- The Washington Times - Thursday, June 1, 2000

Kim slept here

In a high-rise condominium in Alexandria, Va., hometown of George Washington and Robert E. Lee across the Potomac River from Washington, a Korean named Kim Dae-jung lived in political exile from 1983 to 1985.

Tomorrow, in a ceremony outside the Watergate at Landmark condominiums, a small marker in honor of the 75-year-old Korean will be placed in a bed of azaleas and Korean mountain ash trees.

After all, the man who lived in "Unit 1608," an outspoken advocate of democracy and freedom who survived several assassination attempts, who was imprisoned several times and twice sentenced to die for his political, anti-military-government views, has become South Korean President Kim Dae-jung, the 15th president of the Republic of Korea.

Mr. Kim was elected president on Dec. 18, 1997. He's been nominated for the Nobel Peace Prize and last July 4 was awarded the Philadelphia Liberty Medal at Independence Hall.

We're told Sen. Tom Harkin, Iowa Democrat, will be on hand for the ceremony, along with soon-to-depart South Korean Ambassador Lee Hong-koo and Alexandria Mayor Kerry J. Donley, a likely future congressional candidate on the Democrat ticket.

Fred Rowan?

"It's times like these my dad wishes he'd named me Fred," Carl T. Rowan Jr. remarked yesterday, after reading in this column where his pro-gun speech to a National Rifle Association audience was wrongly credited by one newspaper to his father, liberal columnist Carl T. Rowan Sr.

"I read the column and said there's either been a horrible mistake or else my dad is stealing my best lines," says Mr. Rowan, an NRA board member and former FBI agent.

Mr. Rowan acknowledges being at odds with his dad on political and social issues, but the ensuing debate "is a family tradition."

"He encourages us to make up our own minds on these kinds of things," says Mr. Rowan, who practices law and owns a corporate-security firm.

As for the recent Million Mom March, the topic of his speech, it was "a made-for-the-elections publicity stunt" orchestrated by President Clinton and his wannabe-successor, Vice President Al Gore, he says.

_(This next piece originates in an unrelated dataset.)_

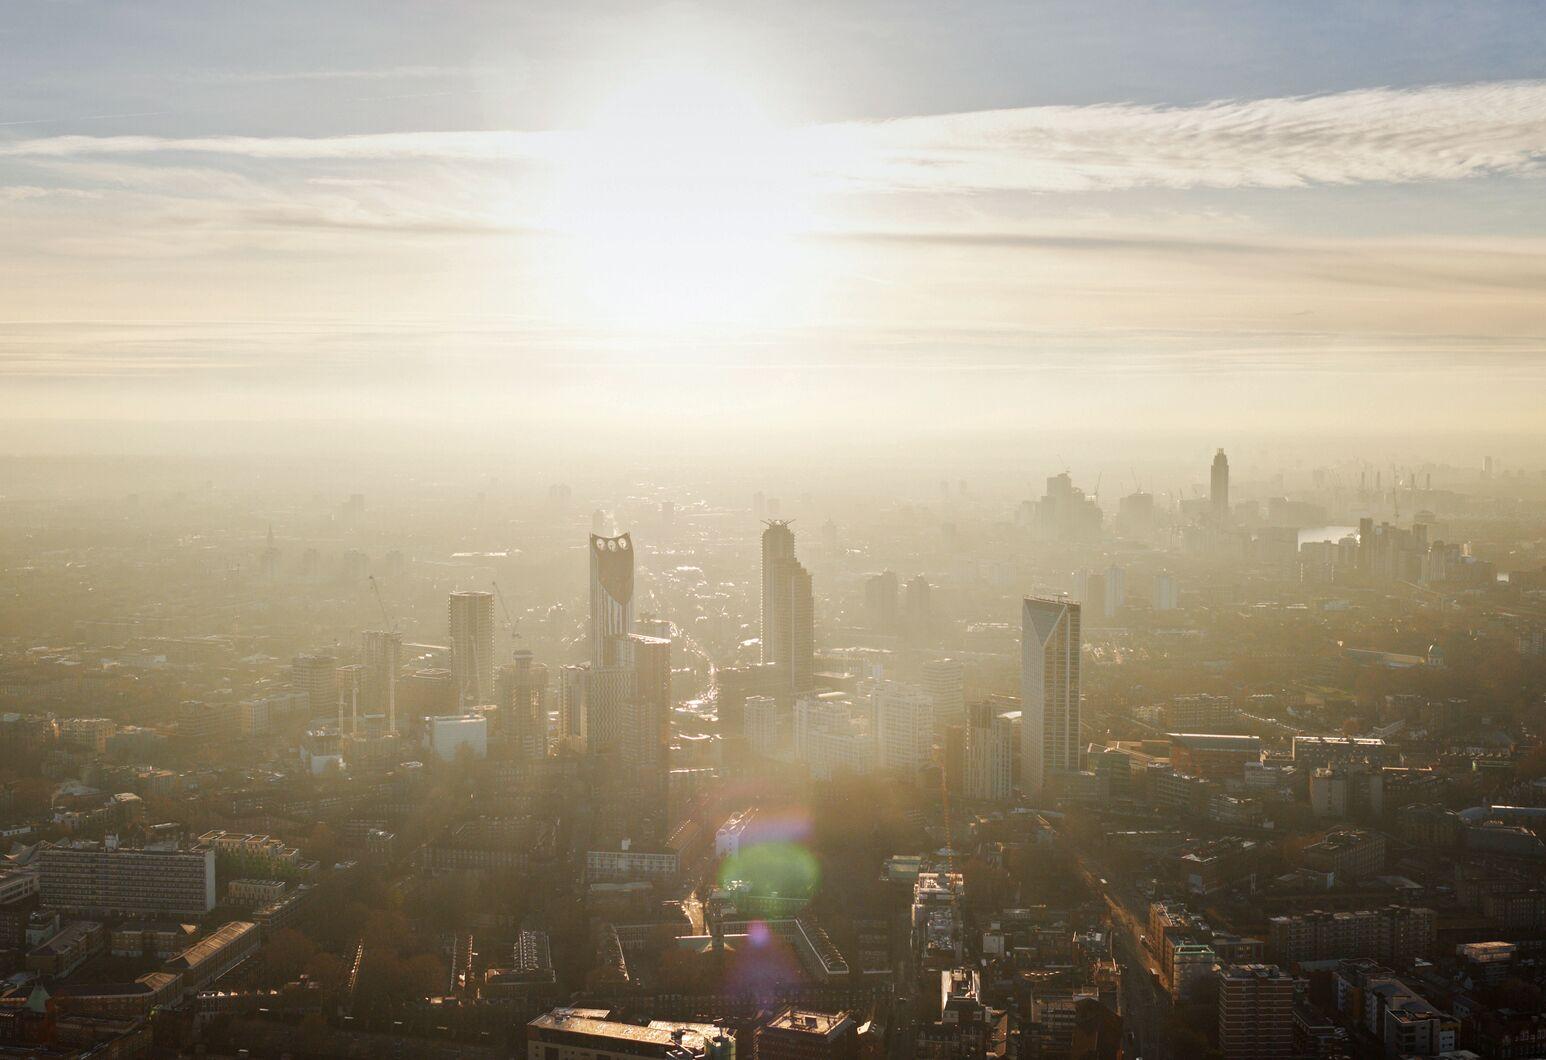 Smog rests over a city

"I don't think the march will have any lasting impact at all, at least not what [the Democrats] are looking for."

No wonder

Poll-following politicians don't really care what people think, says Lawrence A. Jacobs.

"It is folklore that American politicians pander to public opinion by using polls to formulate their major policy decisions," says Mr. Jacobs. But the folklore is backwards, says the University of Minnesota professor who will be in town June 12 to introduce his new book, "Politicians Don't Pander."

What politicians really do, he says, is use polling "to determine how to … win public support for the policies they and their supporters favor."

"No wonder record numbers of Americans report that elected officials 'don't listen to them' or 'don't care what they think,' " he says.

Book club

One day after former Gore staffer Deb Callahan rewarded her old boss with an endorsement from the League of Conservation Voters (where she now sits as president), the Gore campaign sought to explain how the vice president grew his green roots.

"Al Gore's first lessons about the importance of protecting the environment came from his childhood," Gore 2000 said yesterday. "Working on his family's farm in Carthage, Tenn., he learned about the importance of preventing soil erosion.

"His mother, Pauline, was moved by Rachel Carson's expose on harmful pesticides, 'Silent Spring,' and the family discussed it at the dinner table. He learned from his parents that each of us in our daily lives, and all of us as a society, have to safeguard the Earth that sustains us."

As for Ms. Callahan, she worked on Mr. Gore's presidential campaign in 1987 and 1988 as deputy political director.

New beat

After an unsuccessful stint as a CBS television host, former Rep. Susan Molinari is turning to print, signing a contract to become a columnist for www.JagNotes.com Inc., a leading global provider of Internet-based equities research and financial news.

Her new beat: Capitol Hill and the White House, with an eye toward Wall Street. Name of the column: "Capital Know."

"Susan is a welcomed addition to our news team, particularly with the Fed continuing its efforts to slow economic expansion and the Democratic administration facing its most serious opposition in eight years," says Philip Recchia, the site's executive producer.

Inside the Boneyard?

"The Beltway's two-party monopoly is headed for the boneyard; we are on course to appear on all 50 state ballots by November."